Multivariate Normal MLE

Maximum likelihood estimation for multivariate normal distributions with missing data. Direct BFGS and EM algorithms. Little’s MCAR test. Missing data pattern analysis.

Multivariate normal maximum likelihood estimation with missing data.

Public API:

mlest(data, …) -> MVNSolution

pystatistics.mvnmle.mlest(data_or_design, *, algorithm='direct', backend=None, method=None, tol=None, max_iter=None, regularize=True, verbose=False)[source]

Maximum likelihood estimation for multivariate normal with missing data.

Accepts EITHER:
  1. An MVNDesign object

  2. Raw data array or DataFrame (convenience)

Parameters:
  • data_or_design (array-like or MVNDesign) – Data matrix with NaN for missing values, or MVNDesign object.

  • algorithm (str) –

    Estimation algorithm: - ‘direct’ (default): BFGS optimization on the log-likelihood,

    using R-exact inverse Cholesky parameterization.

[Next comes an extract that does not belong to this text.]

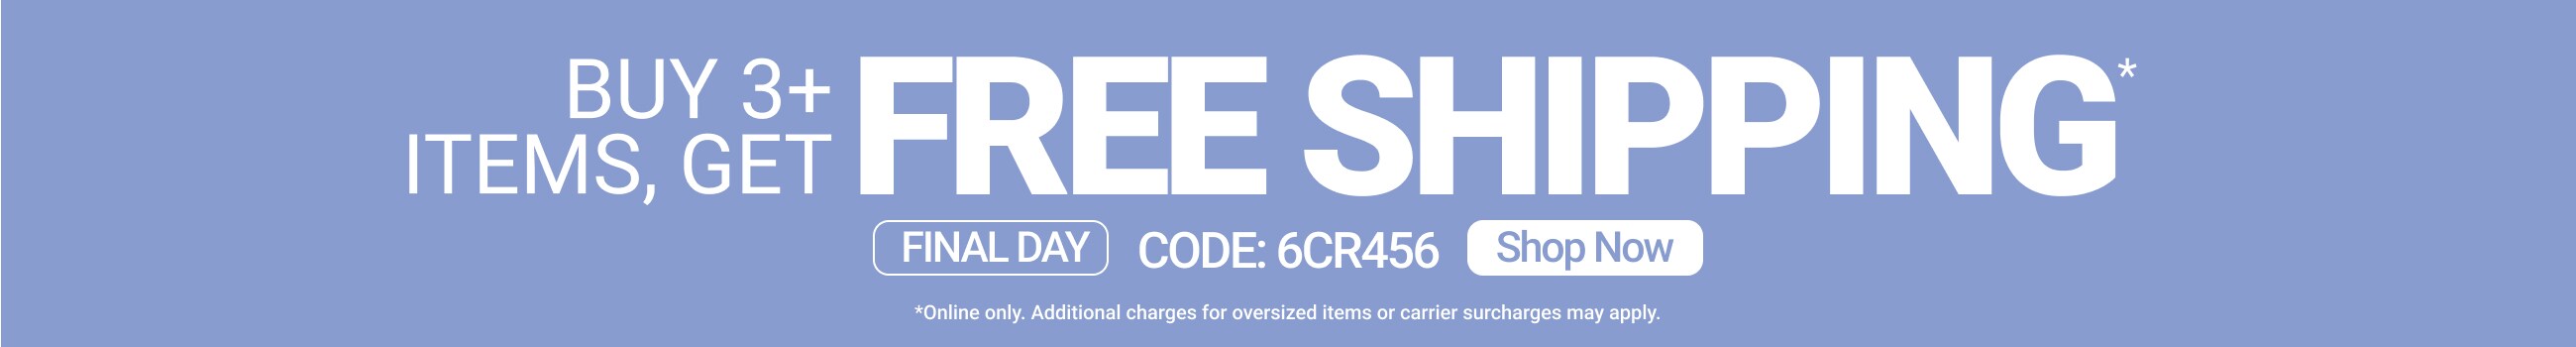 Buy 3+ Items, Get FREE SHIPPING - Shop Now

    • ’em’: Expectation-Maximization algorithm. Typically slower to converge but guaranteed monotone likelihood increase.

    • ’monotone’: Closed-form MLE for monotone missingness patterns (Anderson 1957). Raises ValidationError if the data are not monotone — users should check with pystatistics.mvnmle.is_monotone() first, or use EM/direct for general patterns. When applicable, this is orders of magnitude faster than iterative algorithms.

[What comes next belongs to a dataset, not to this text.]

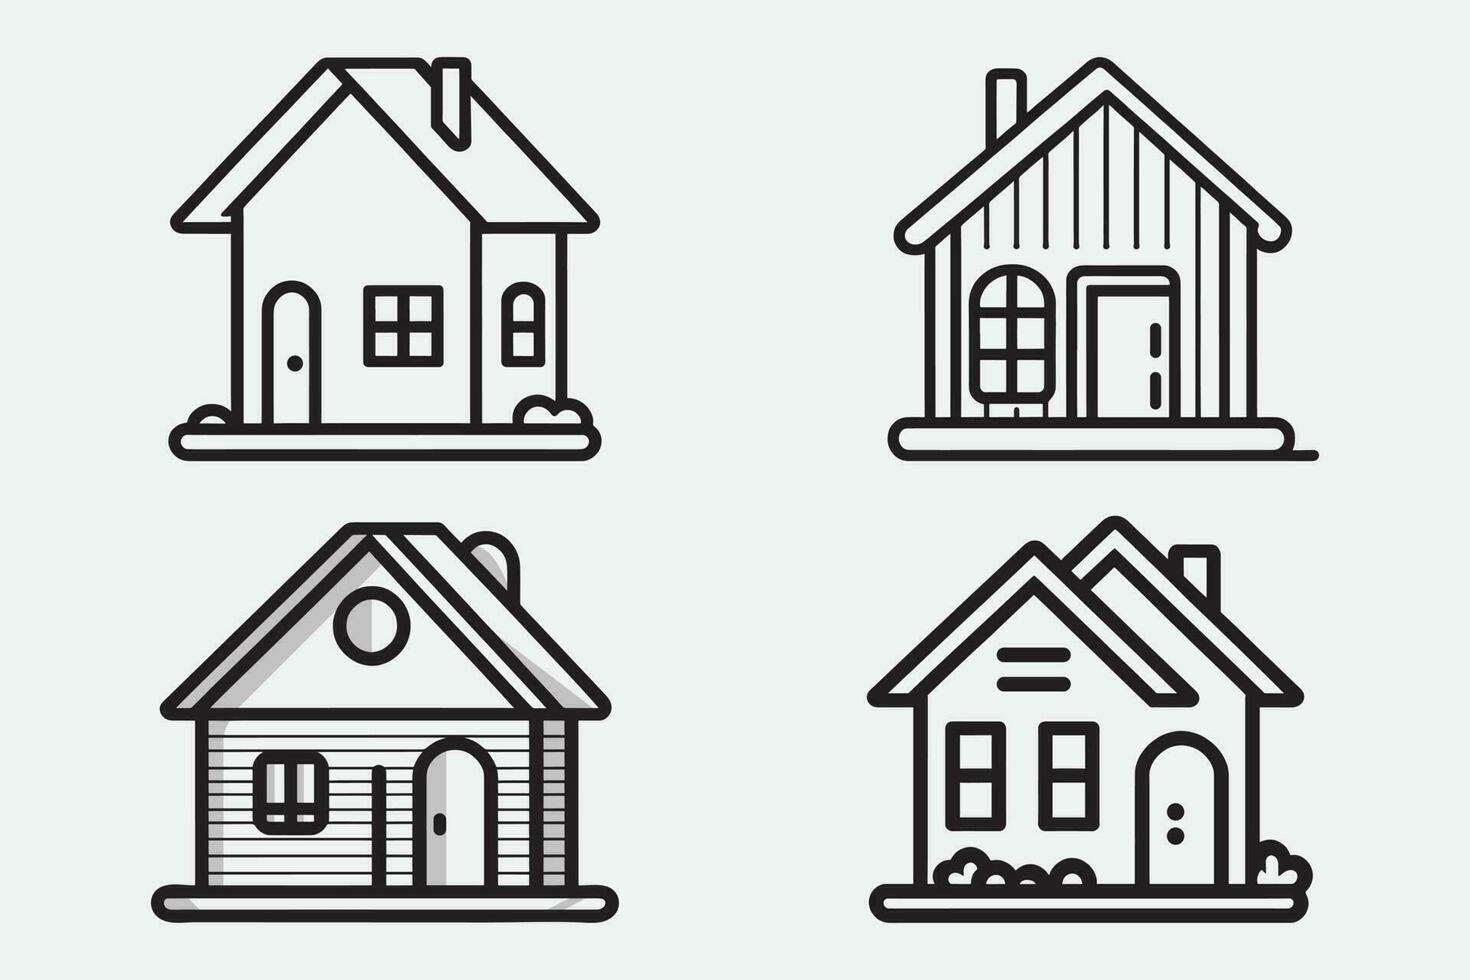 Home Icon set, Illustration of house icons, Black and white house icon, Outline Style, Home line art icons, clean simple design vector

  • backend (str or None) – Backend selection. Default None → ‘cpu’ (R-reference path, validated for regulated-industry use). Explicit values: ‘cpu’, ‘gpu’, or ‘auto’ to prefer GPU when available.

  • method (str or None) – Optimization method for direct algorithm. If None, auto-selected by backend. Ignored for EM.

  • tol (float or None) – Convergence tolerance. If None, uses algorithm-appropriate default: direct = 1e-5 (gradient tolerance), em = 1e-4 (parameter change).

  • max_iter (int or None) – Maximum iterations. If None, uses algorithm-appropriate default: direct = 100, em = 1000.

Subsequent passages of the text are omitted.